Results

A week later, the results of the amnio confirmed the worst – our baby had Triploidy Syndrome and would die. Triploidy Syndrome is the presence of an entire extra set of chromosomes. A normal person, known as a duploid, has 46 chromosomes – 23 from Mom, 23 from Dad. A Triploidy (tri for three sets of each of the 23 chromosomes) baby has 69 chromosomes – meaning it got an extra set from either Mom or Dad. Triploidy can be caused by three different occurances, but most Triploidy cases are caused when a single egg is fertilized by two sperm, known as dispermy.

We set an appointment that day to talk with a genetic counselor. It turns out our baby was really a boy and indicated by the 23rd chromosome being XXYY. A normal baby boy is XY. A “normal” triploidy is XYY. It has never been determined why our baby has four of the 23rd chromosomes. The two Ys indicate that the cause of the chromosome disorder was fertilization by two sperm.

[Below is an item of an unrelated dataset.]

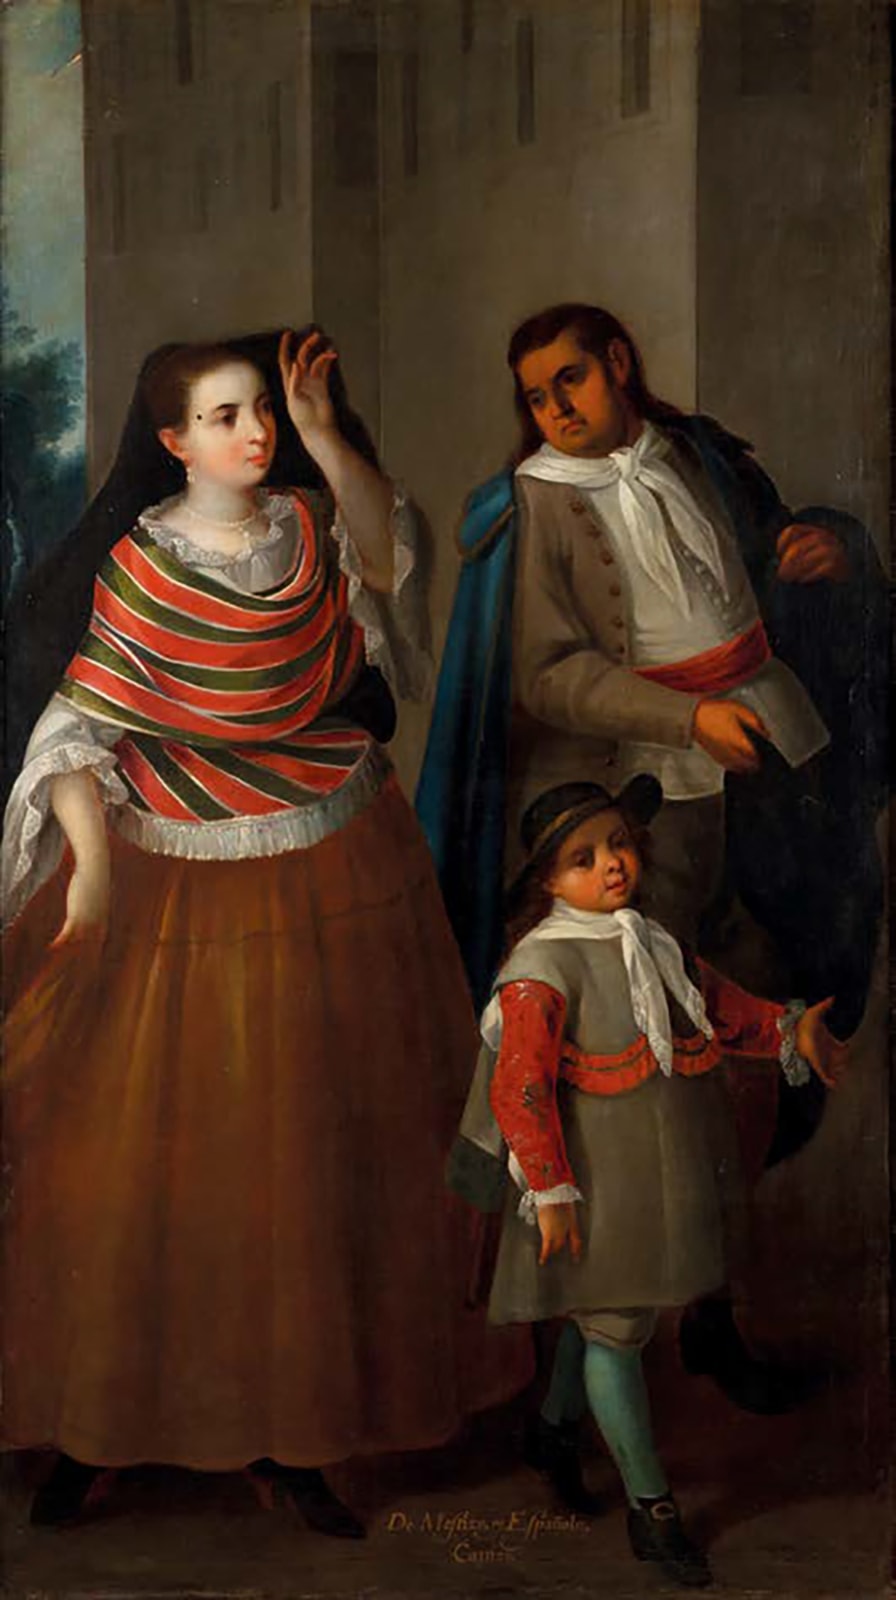 José de Ibarra, De Mestizo, y Española, Castiza, c. 1725

The genetic counselor told us what to expect with this pregnancy. And, yes, we talked about the possibility of termination, but not extensively because that is not available where I live nor at the hospital where I was receiving services. Rather than tell me about my “options,” she told me how the pregnancy would probably go. At 18 weeks pregnant, I was told it is unlikely to miscarry during this phase of pregnancy. I would likely carry my baby to at least 25 weeks gestation. I may never feel him move inside of me because chromosome babies don’t move a lot. He will probably be very small, and I am almost certainly facing a stillbirth.

Oh, and one more thing. I could go visit my regular OB once a week to check for a heartbeat because I would never have a way of knowing if he was alive or not since I wouldn’t be feeling him move.

We had our third ultrasound of the week and decided we were too in love to terminate. God would decide what happened to our baby.